*What you need to do:*
Restate the listing below word for word; no picture is to be carried over.

*Given information:*
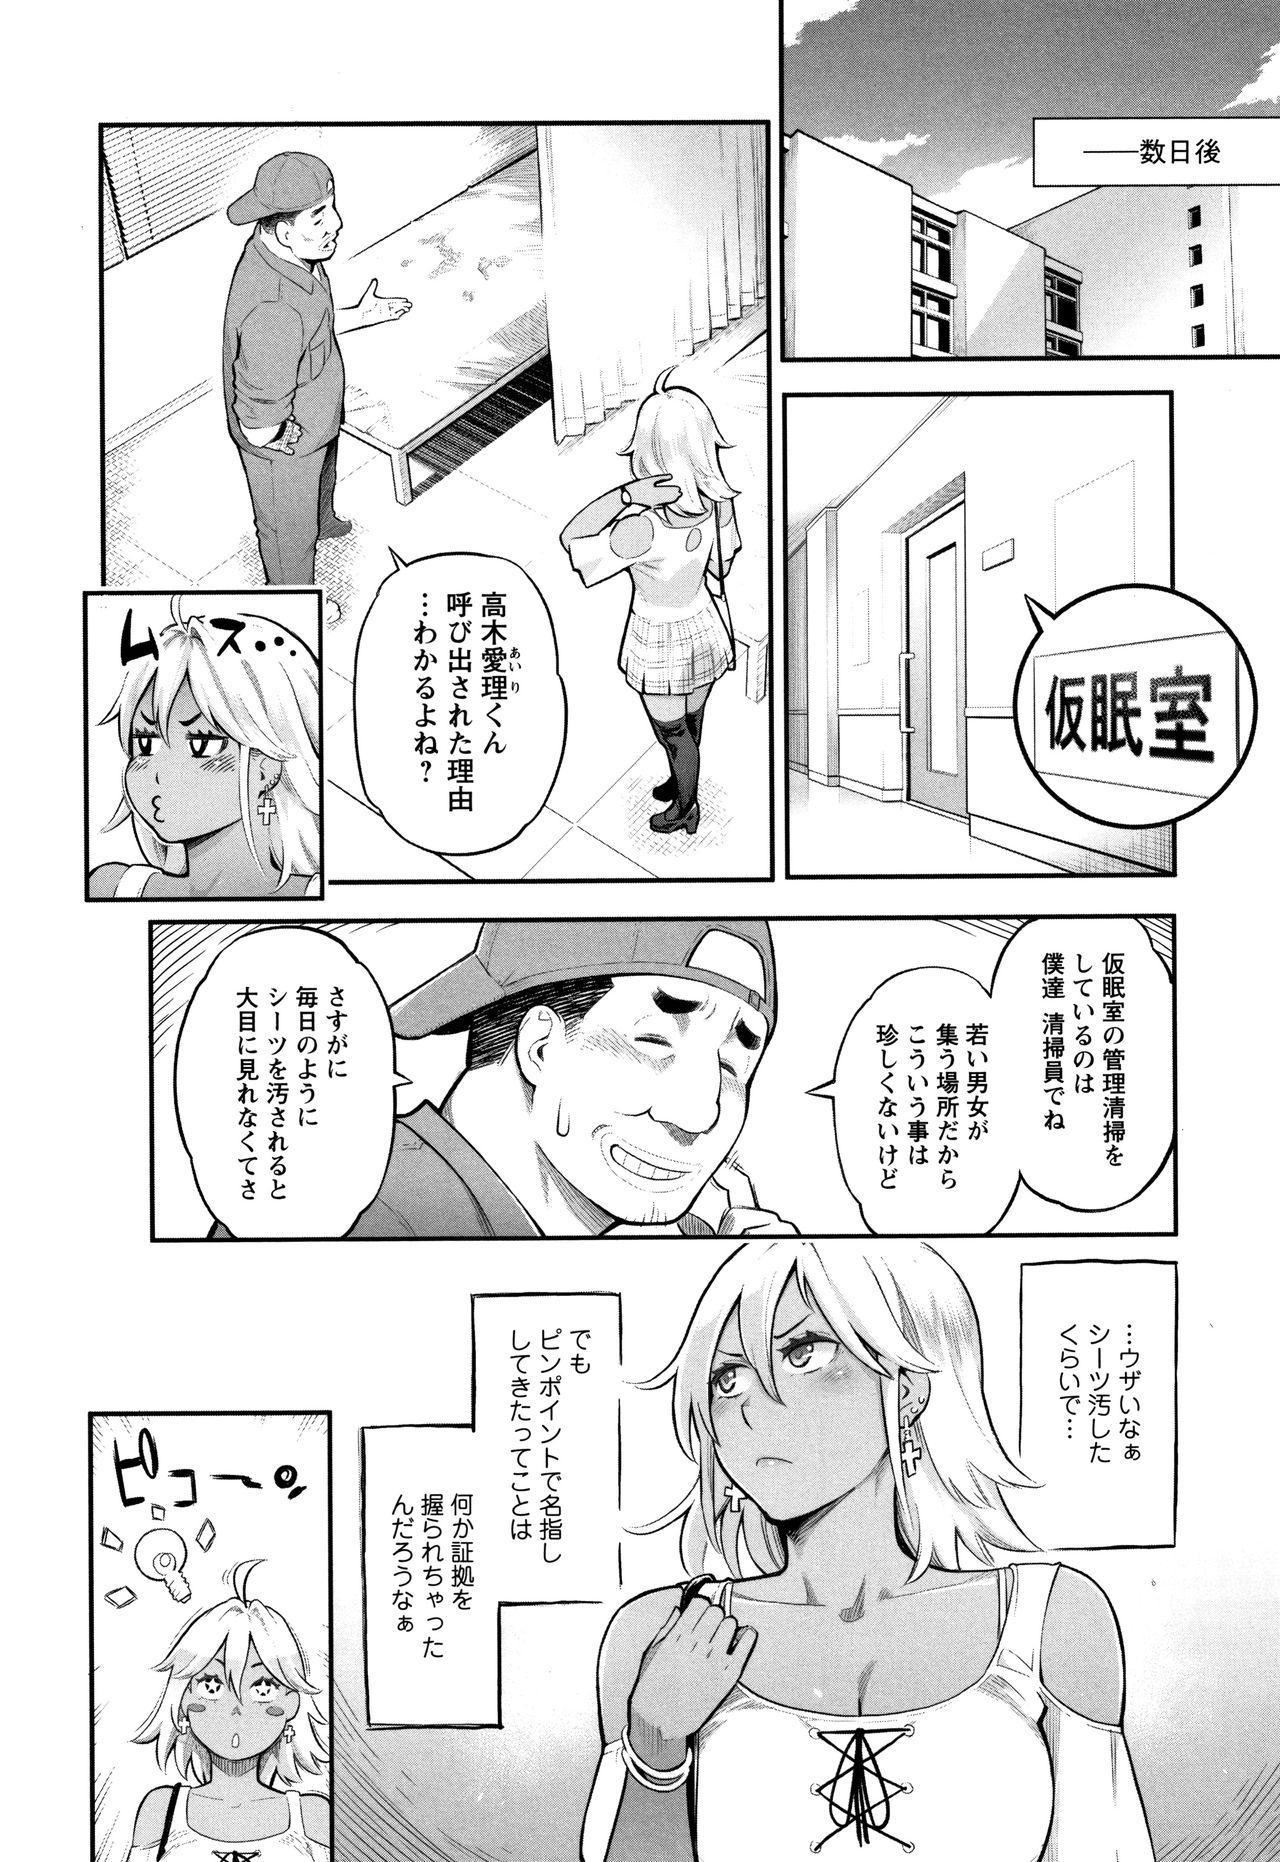 Toketa Risei wa Biyaku no Kaori 46
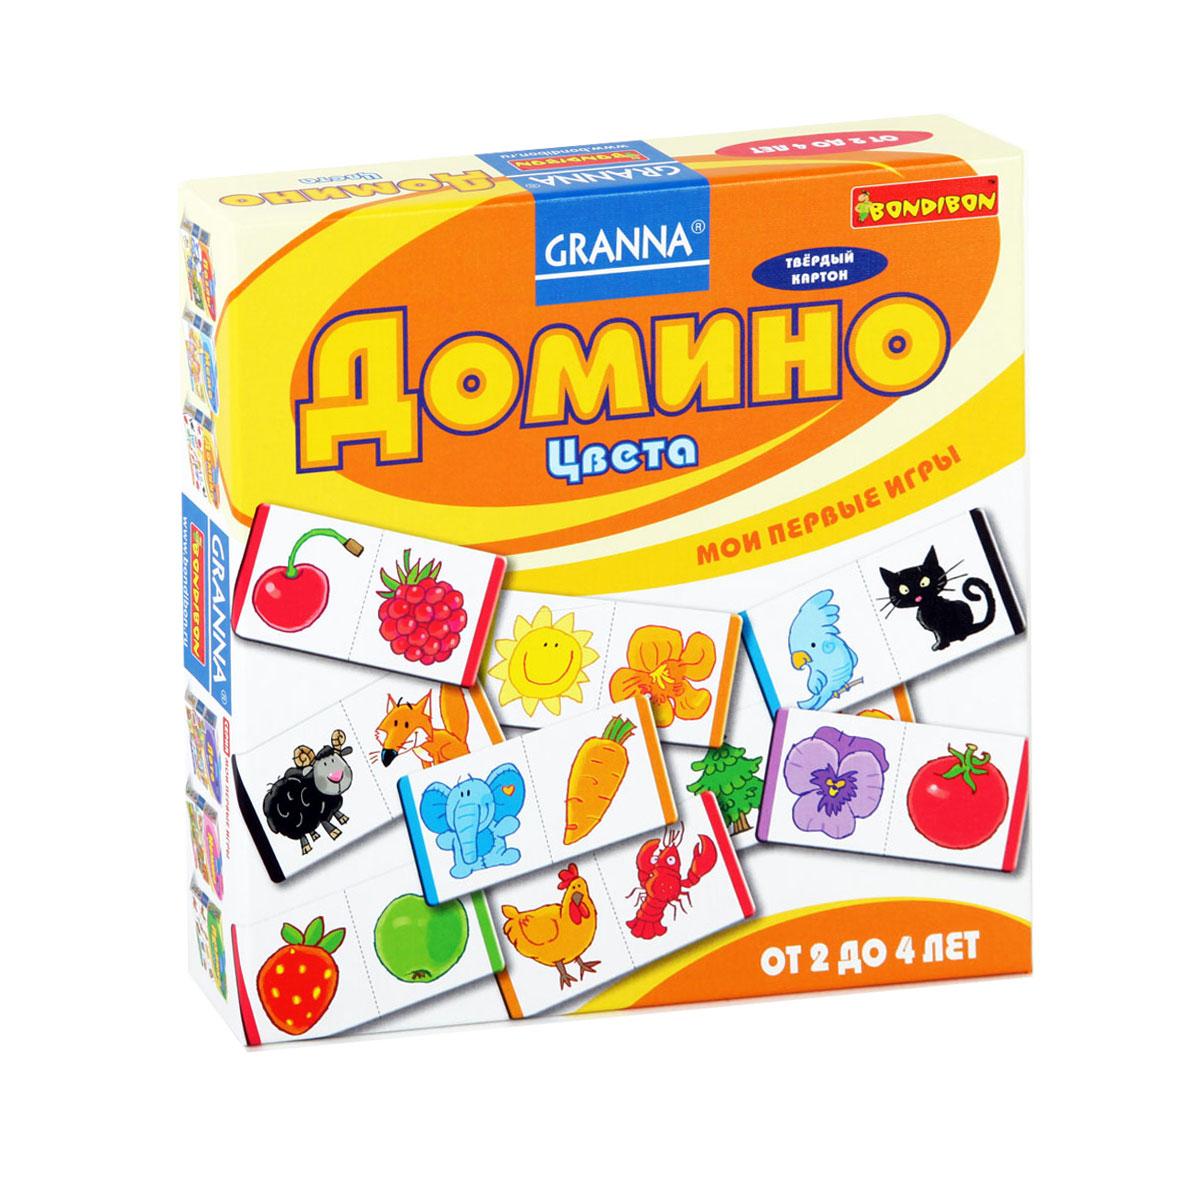 Домино Bondibon ЦветаВВ1000Домино Bondibon Цвета - это классическая дидактическая игра для малышей на узнавание предметов и цветов. Предлагаем несколько вариантов игры с домино: Разноцветная змейка. Попробуй выложить разноцветную змейку. Выбери любую карточку-домино. Положи рядом с ней еще одну карточку с рисунком такого же цвета. А к ним еще одну и так продолжай. Постарайся использовать как можно больше карточек для постройки, и получатся длинные волшебные желтые, красные или фиолетовые змейки. В эту игру ребенок может играть самостоятельно. Классический способ игры в домино для нескольких участников, но здесь имеет значение не рисунок на карточке, а его цвет. Выигрывает тот игрок, который первым выложит все свои карточки. В комплект игры входят 27 карточек домино и правила игры на русском языке. Игра развивает внимание, зрительное восприятие, комбинаторные и логические способности, учит находить одинаковые картинки и соединять их в цепочки. Характеристики: ...
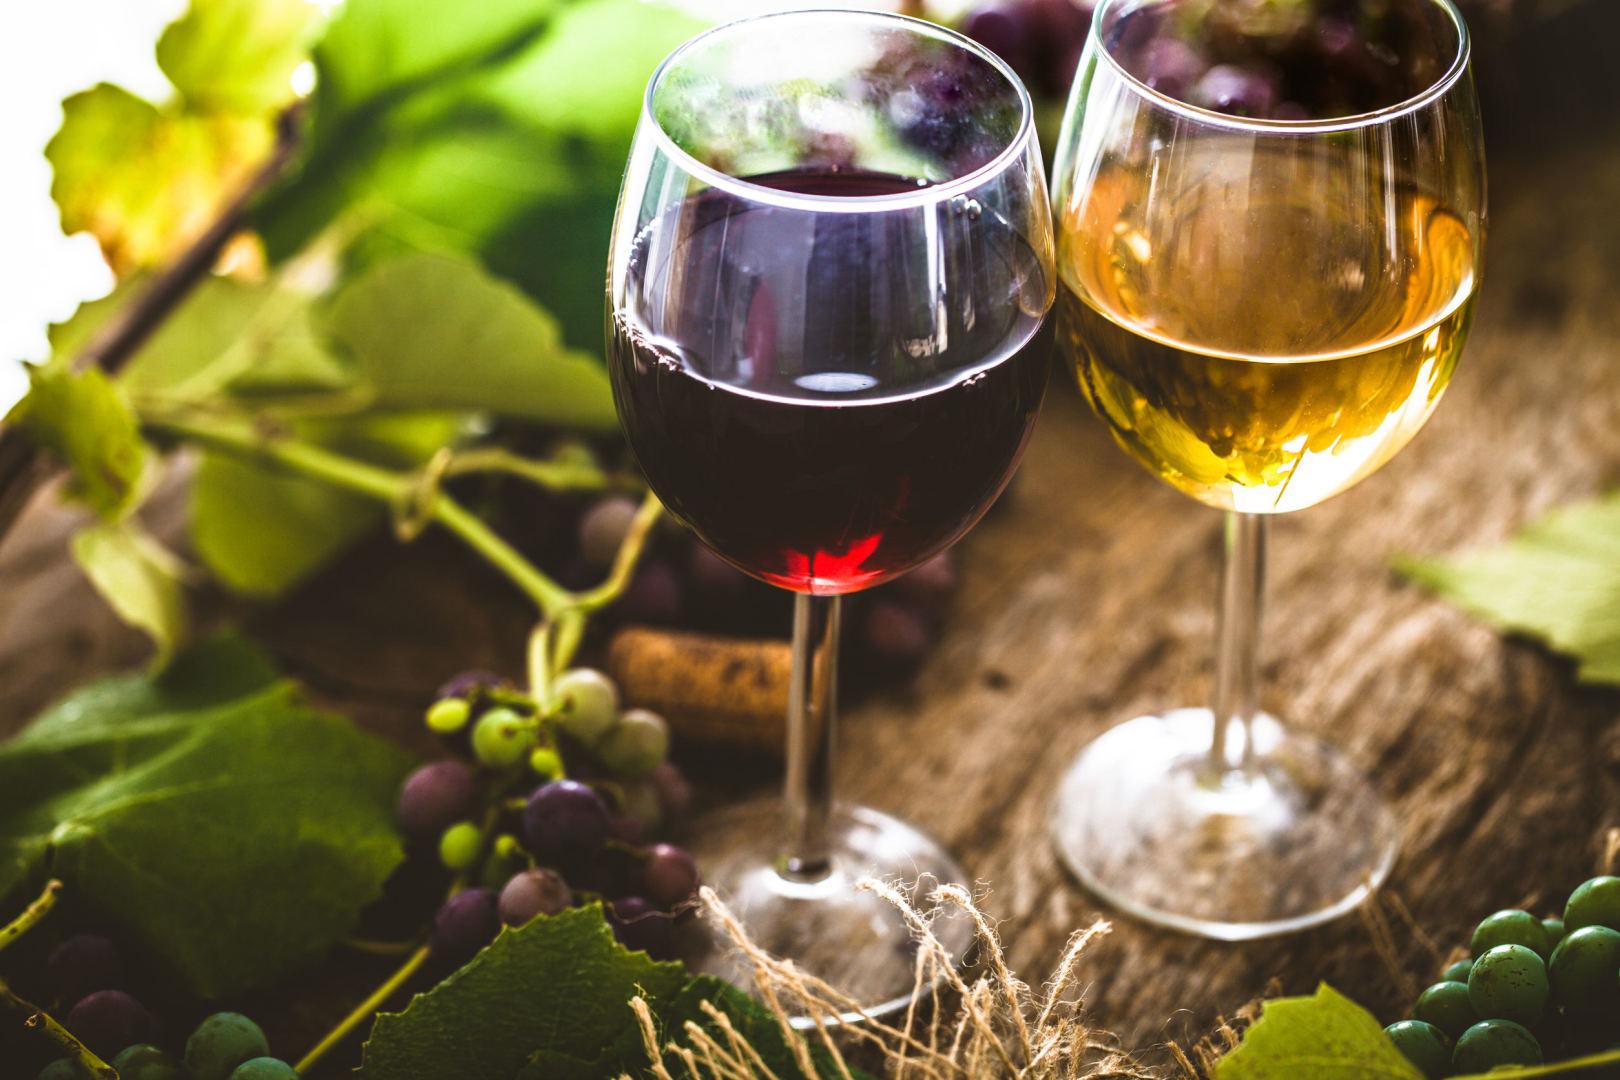 kurie raudonieji vynai yra geriausi širdies sveikatai

*Answer to this exercise:*
 Toketa Risei wa Biyaku no Kaori 46
 Домино Bondibon ЦветаВВ1000Домино Bondibon Цвета - это классическая дидактическая игра для малышей на узнавание предметов и цветов. Предлагаем несколько вариантов игры с домино: Разноцветная змейка. Попробуй выложить разноцветную змейку. Выбери любую карточку-домино. Положи рядом с ней еще одну карточку с рисунком такого же цвета. А к ним еще одну и так продолжай. Постарайся использовать как можно больше карточек для постройки, и получатся длинные волшебные желтые, красные или фиолетовые змейки. В эту игру ребенок может играть самостоятельно. Классический способ игры в домино для нескольких участников, но здесь имеет значение не рисунок на карточке, а его цвет. Выигрывает тот игрок, который первым выложит все свои карточки. В комплект игры входят 27 карточек домино и правила игры на русском языке. Игра развивает внимание, зрительное восприятие, комбинаторные и логические способности, учит находить одинаковые картинки и соединять их в цепочки. Характеристики: ...
 kurie raudonieji vynai yra geriausi širdies sveikatai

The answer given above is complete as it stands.